Diagnosing GC Heap Corruption with Large Pages

In this post, I will talk about yet another memory corruption bug we found and fixed. Check out my previous post for more context and examples.

Backstory: Part 1 — dotnet/runtime#126903

A customer (dotnet/runtime#126903) reported heap corruption when using GCLargePages=1 with GCCollectionMode.Aggressive. The crashes manifested as NullReferenceException and AccessViolationException inside ConcurrentDictionary internals, with multiple threads faulting simultaneously — characteristic of a single GC event corrupting a heap region.

The root cause was that when large pages are enabled, VirtualDecommit is a no-op (huge pages cannot be partially decommitted), but the GC’s bookkeeping still updated committed/used pointers as if memory had been returned to the OS. When regions were later reused, stale data survived because the OS never had a chance to zero the pages.

The initial fix (PR #126929) added memclr in virtual_decommit for large pages. I then wrote a more comprehensive follow-up (PR #127290) that skipped decommit entirely for large pages in distribute_free_regions (the aggressive tail-region decommit) and decommit_heap_segment (whole-segment decommit for hoarding and BGC deletion). For decommit_region, instead of skipping it, the fix bypassed virtual_decommit and called reduce_committed_bytes directly — letting decommit_region continue to handle memory clearing itself. The PR also added a GCLargePages=2 fake large pages test mode to enable CI testing without requiring OS large page setup.

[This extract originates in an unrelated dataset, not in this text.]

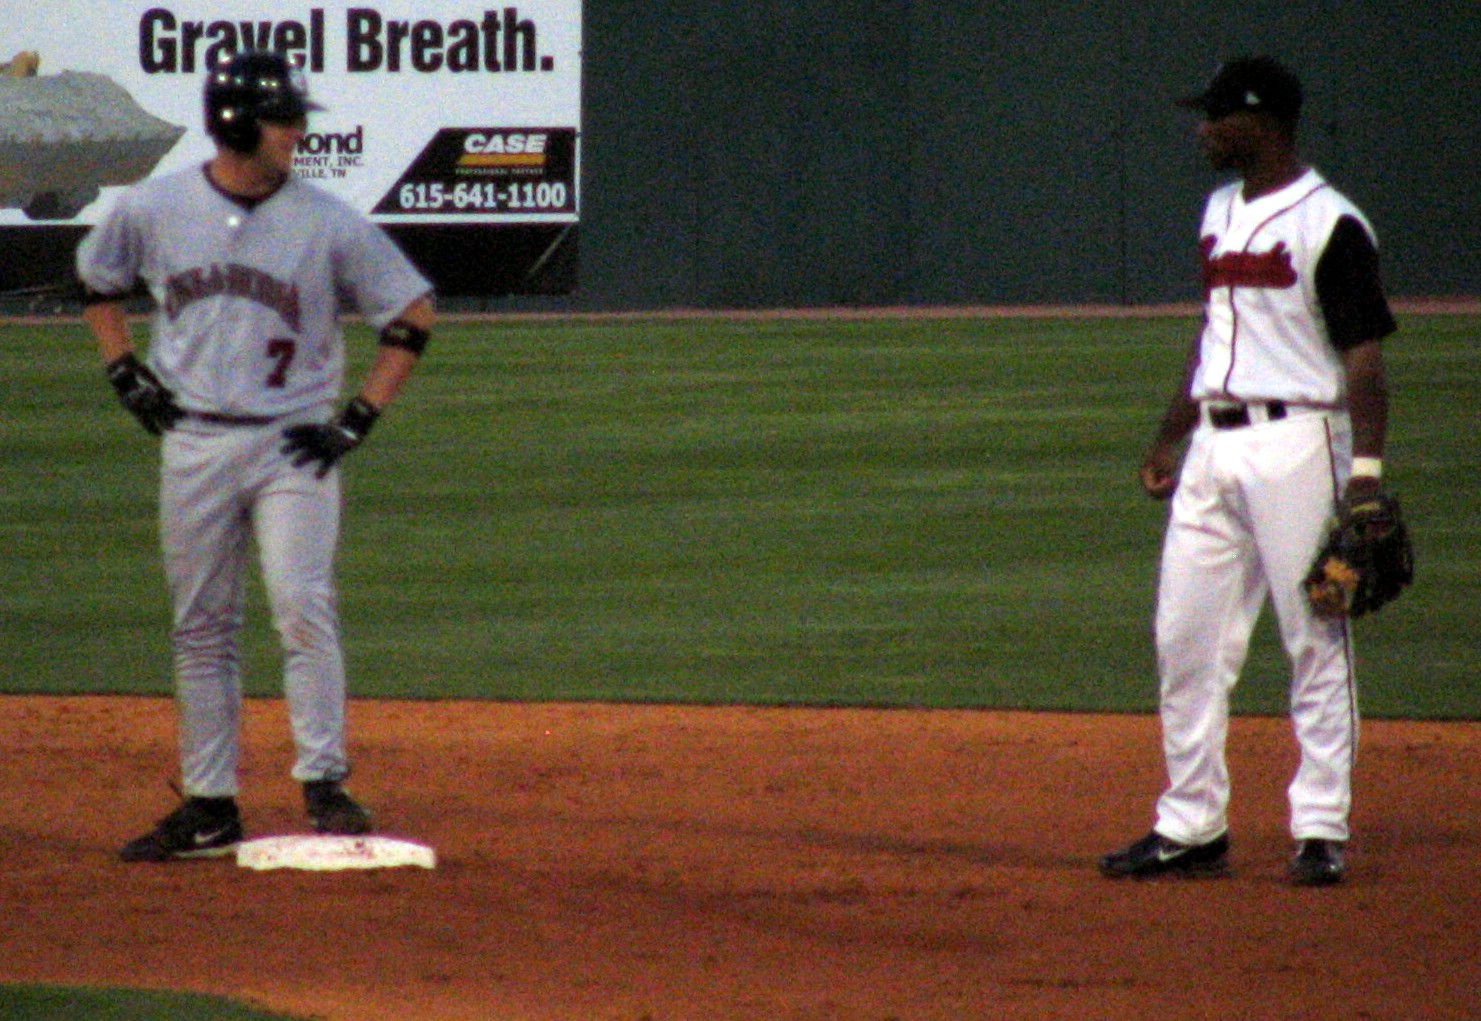 the two baseball players are having a conversation

The customer deployed the patched GC — and several weeks later, the corruption came back in production.

Part 2: dotnet/runtime#127892

The Problem

The customer reported (dotnet/runtime#127892) that even with the Part 1 fixes applied, heap corruption still occurred — this time without GCCollectionMode.Aggressive. The crashes happened during normal GC operation under memory pressure, with the same symptoms: corrupted managed objects, ConcurrentDictionary+Node with invalid _next pointers, intermittent timing anywhere from 30 seconds to 12 minutes into the workload.

Reproduction

The customer provided a minimal reproduction project with a Docker-based environment that combined several ingredients:

The reproduction was a pure managed application with no unsafe code — ruling out application-level memory corruption.

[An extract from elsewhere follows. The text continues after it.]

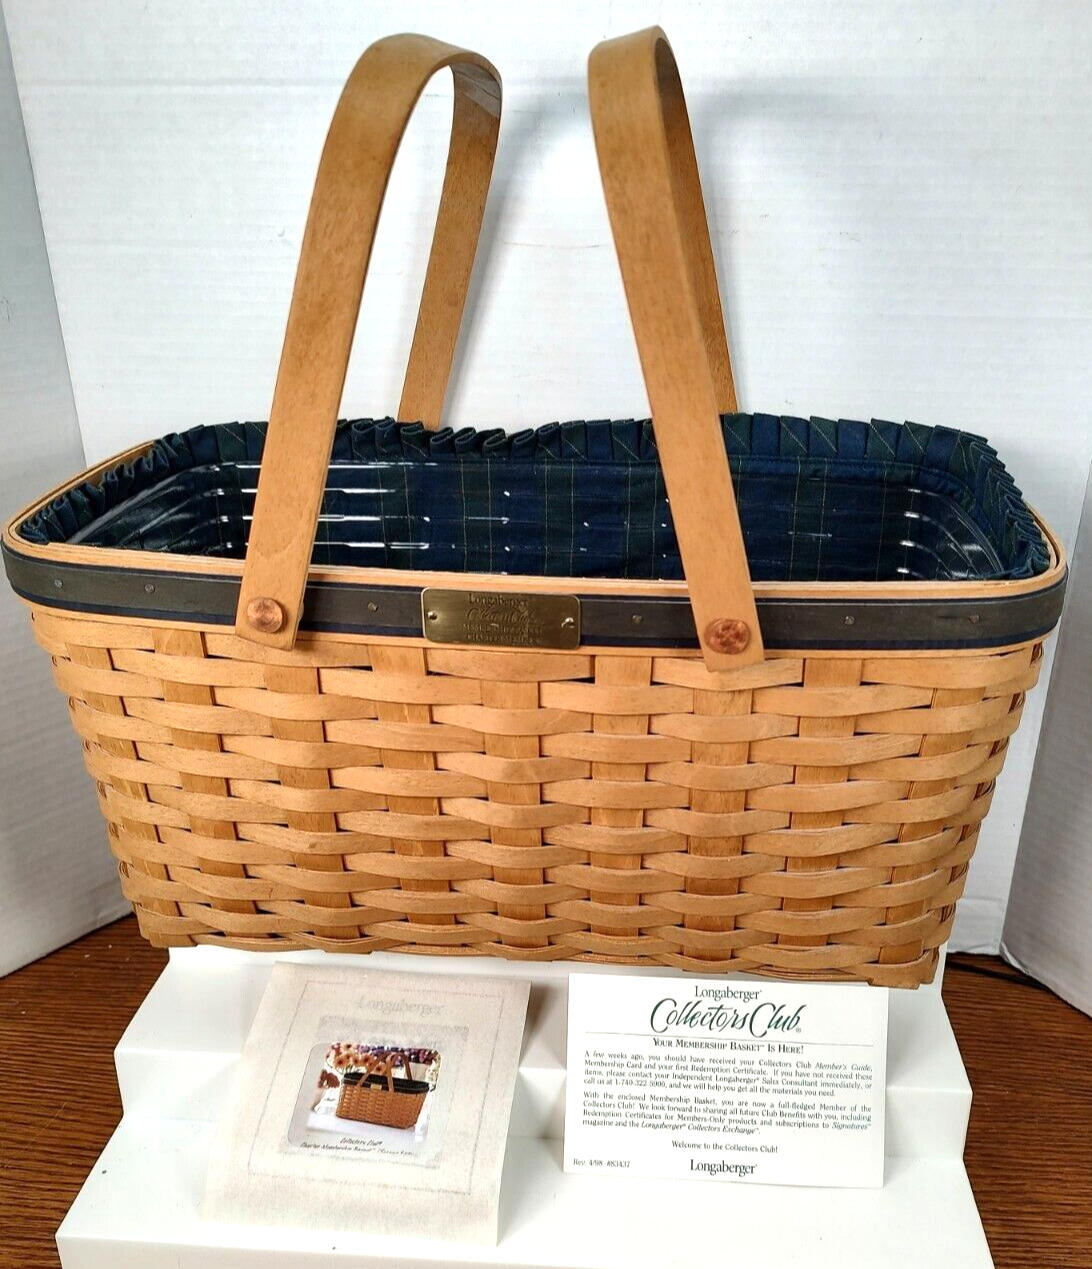 Longaberger Collector Club 2003 Second Edition Charter Membership Combo Basket

A key practical technique was overlaying a custom-built libcoreclr.so into the container without rebuilding the entire runtime image. I copied the Checked-build binary and used the container’s entrypoint script to overlay it at startup. This gave a fast iteration cycle: edit GC source → incremental build (~50 seconds) → copy binary → restart container.

Phase 1: Where Is the Corruption Consumed?

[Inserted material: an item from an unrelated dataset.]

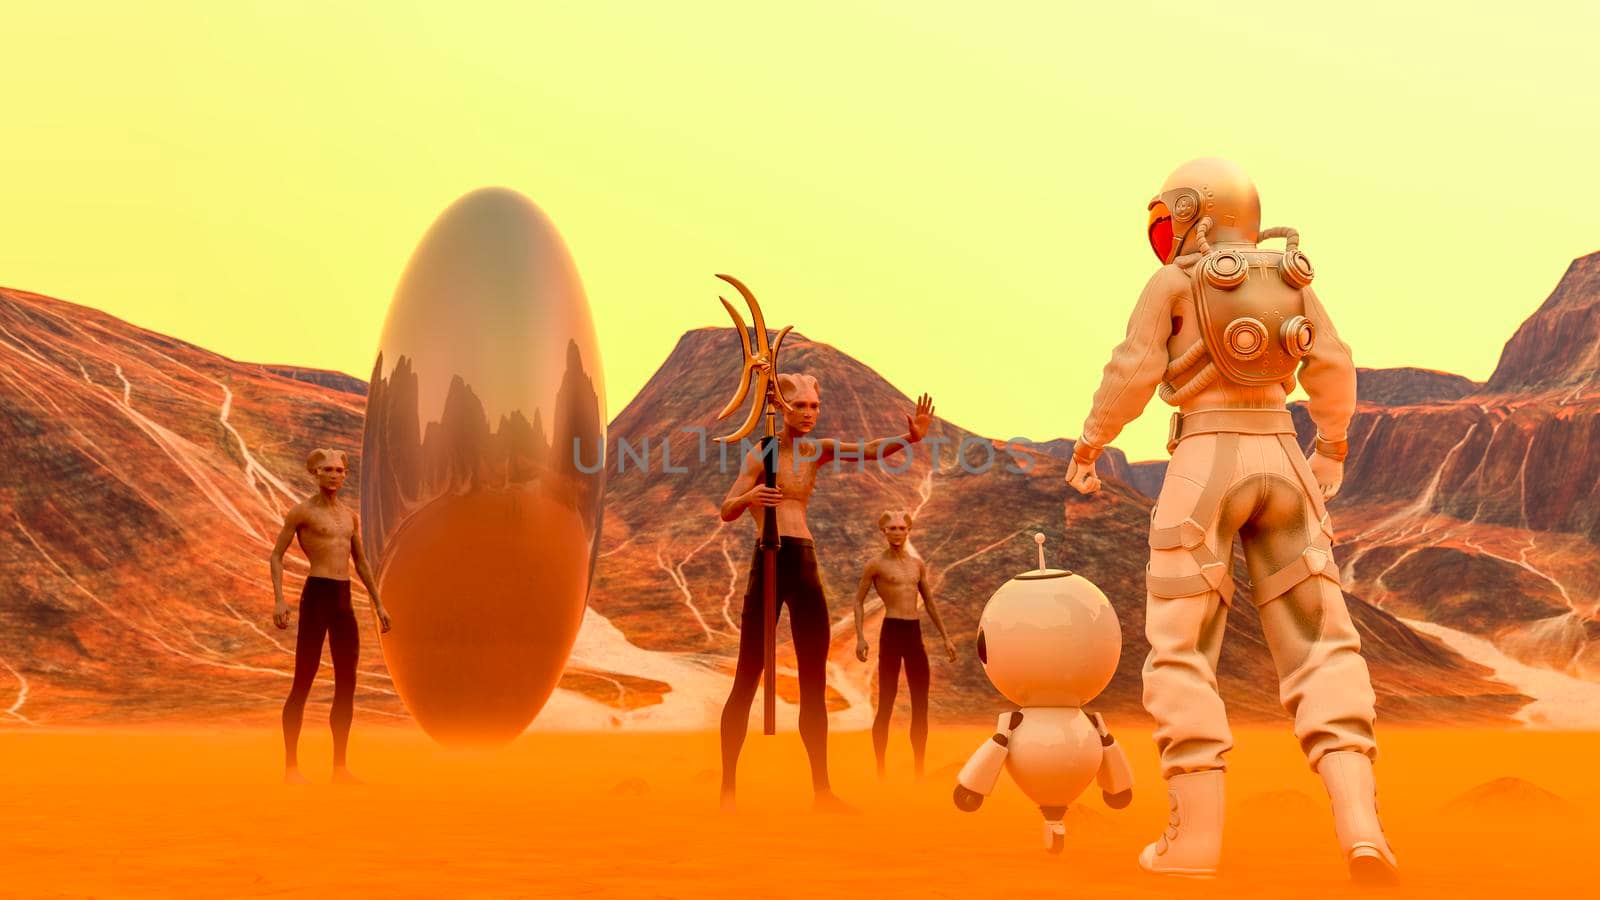 Astronaut and small robot facing a strange egg-shaped object and aliens at the spacewalk on a desert planet by ankarb

After the Part 1 fixes were deployed, Ben (comment on the issue) noticed that changing decommit_region to clear the entire committed range instead of just up to used made the corruption disappear. His patch survived a 4-hour test run on two machines. This was a strong signal: our assumption that memory between used and committed is clean was wrong.

To confirm, I added an assertion in decommit_region to verify that memory between heap_segment_used and heap_segment_committed was zero before clearing. The assertion fired immediately — the memory contained stale managed object data (UTF-16 strings), not zeros. I replied to Ben on the issue confirming the same observation.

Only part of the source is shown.